> **Task directions**
This calls for a word-for-word copy of all the data, with each picture removed.

> **Collected data**
BEGIN

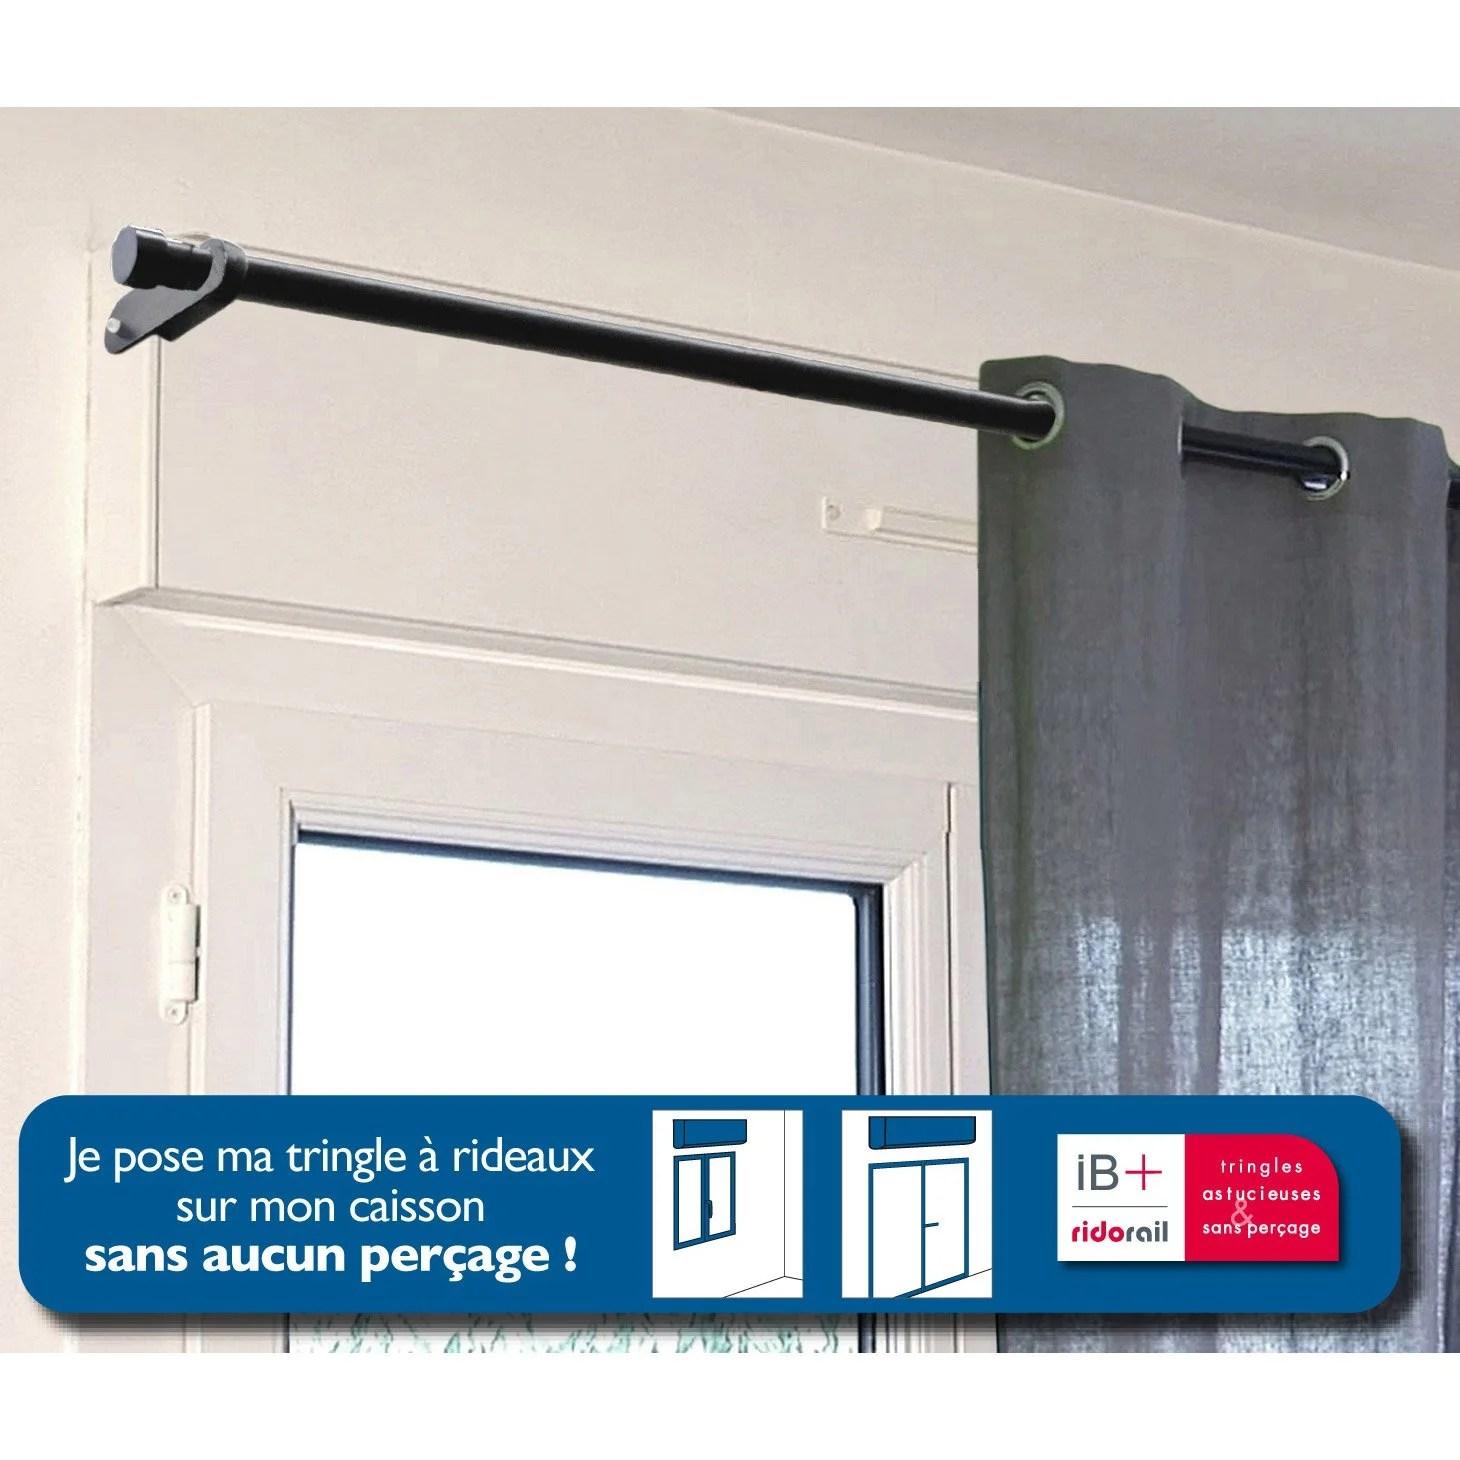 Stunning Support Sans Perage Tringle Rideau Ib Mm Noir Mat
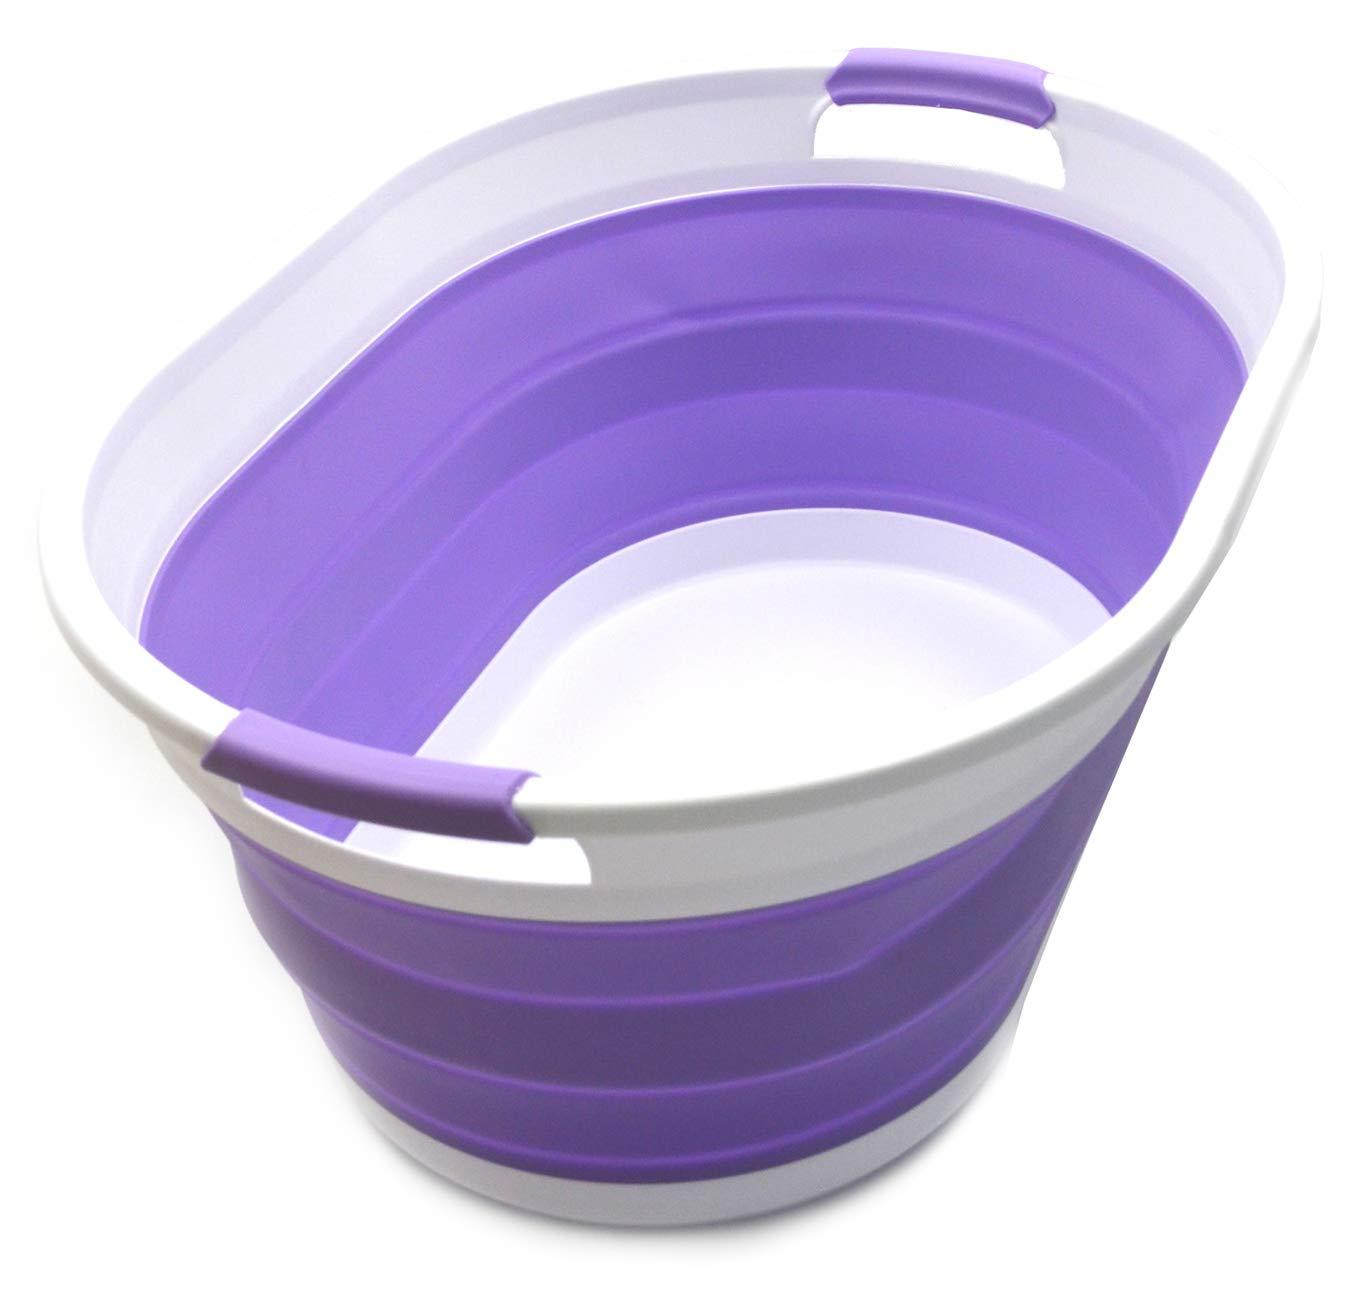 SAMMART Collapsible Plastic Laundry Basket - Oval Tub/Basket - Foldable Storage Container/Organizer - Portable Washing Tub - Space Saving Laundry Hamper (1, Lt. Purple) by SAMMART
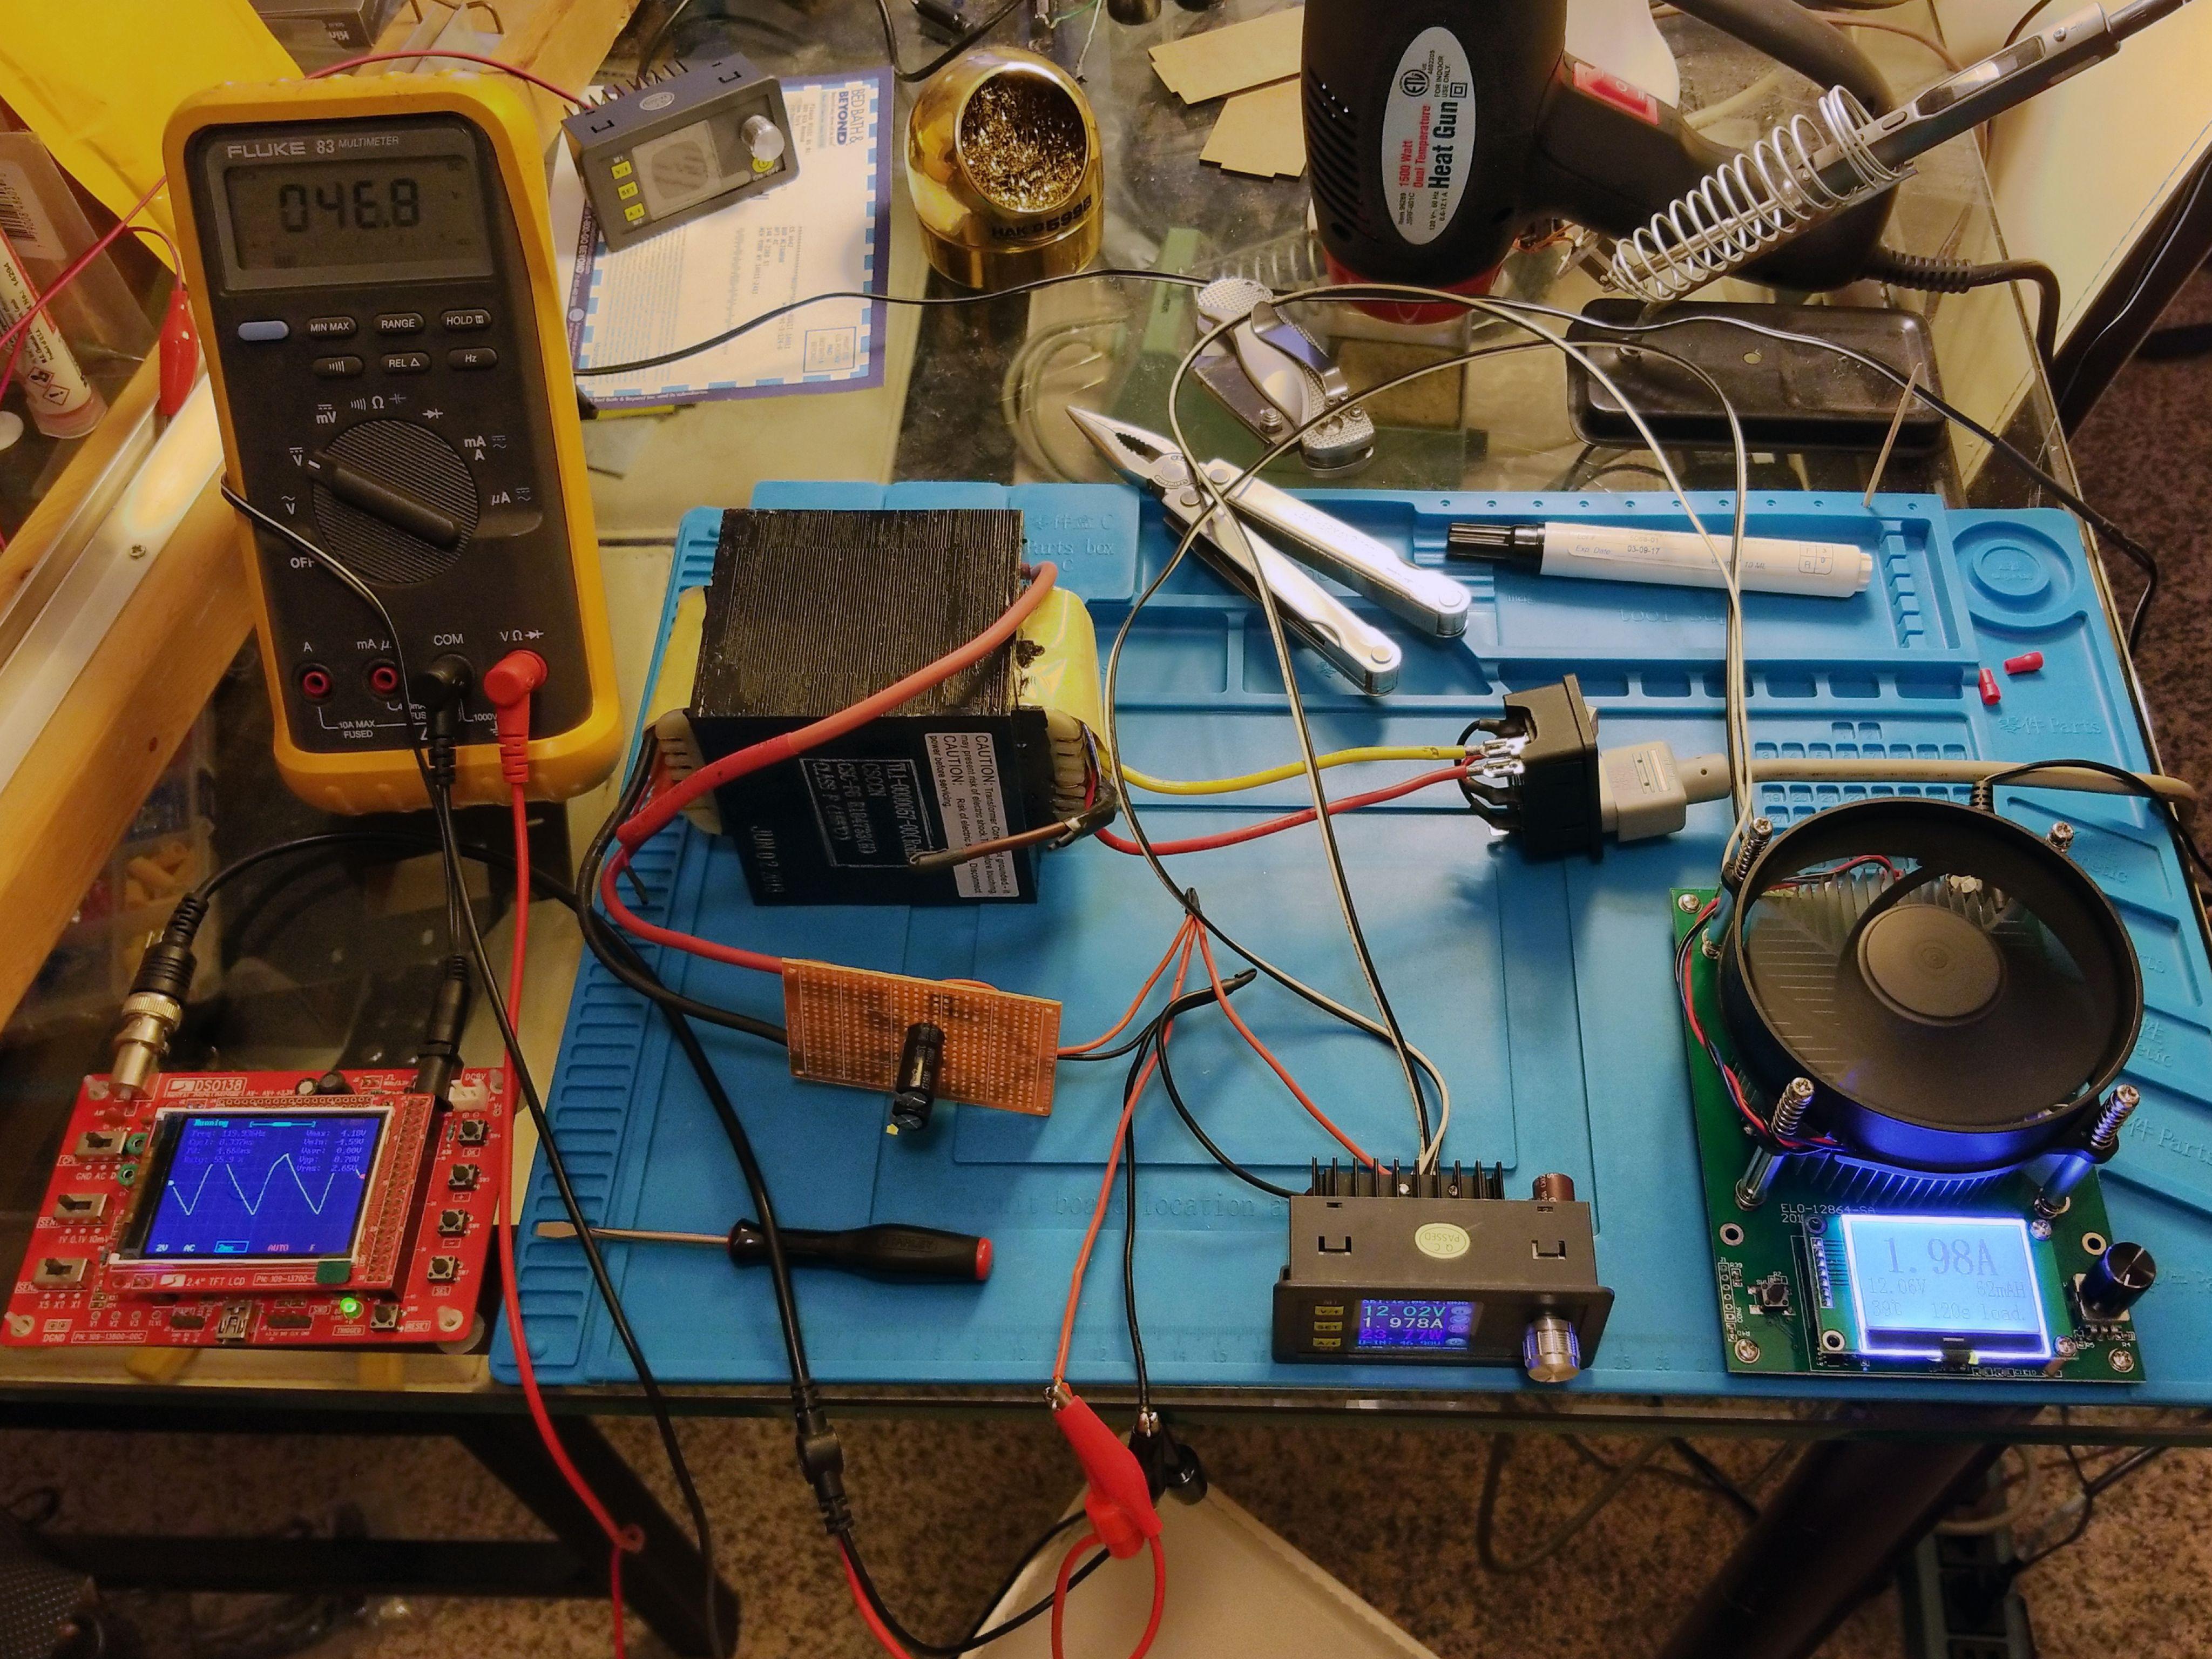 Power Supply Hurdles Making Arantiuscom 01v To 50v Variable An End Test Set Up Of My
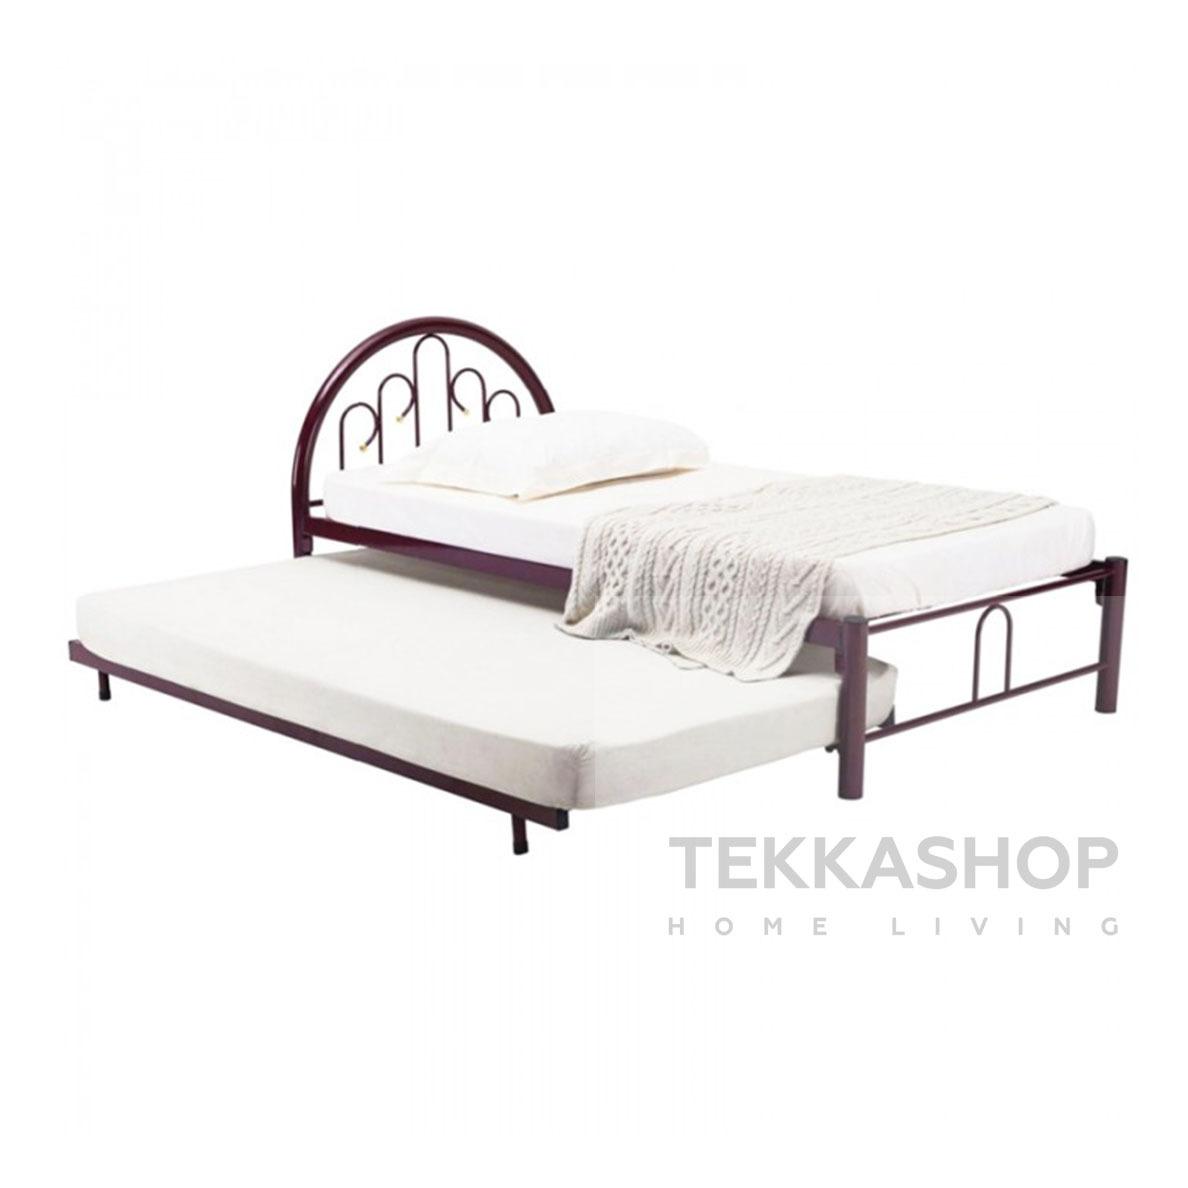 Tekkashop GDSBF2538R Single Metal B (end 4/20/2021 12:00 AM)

END

> **Reply to the task**
 Stunning Support Sans Perage Tringle Rideau Ib Mm Noir Mat
 SAMMART Collapsible Plastic Laundry Basket - Oval Tub/Basket - Foldable Storage Container/Organizer - Portable Washing Tub - Space Saving Laundry Hamper (1, Lt. Purple) by SAMMART
 Power Supply Hurdles Making Arantiuscom 01v To 50v Variable An End Test Set Up Of My
 Tekkashop GDSBF2538R Single Metal B (end 4/20/2021 12:00 AM)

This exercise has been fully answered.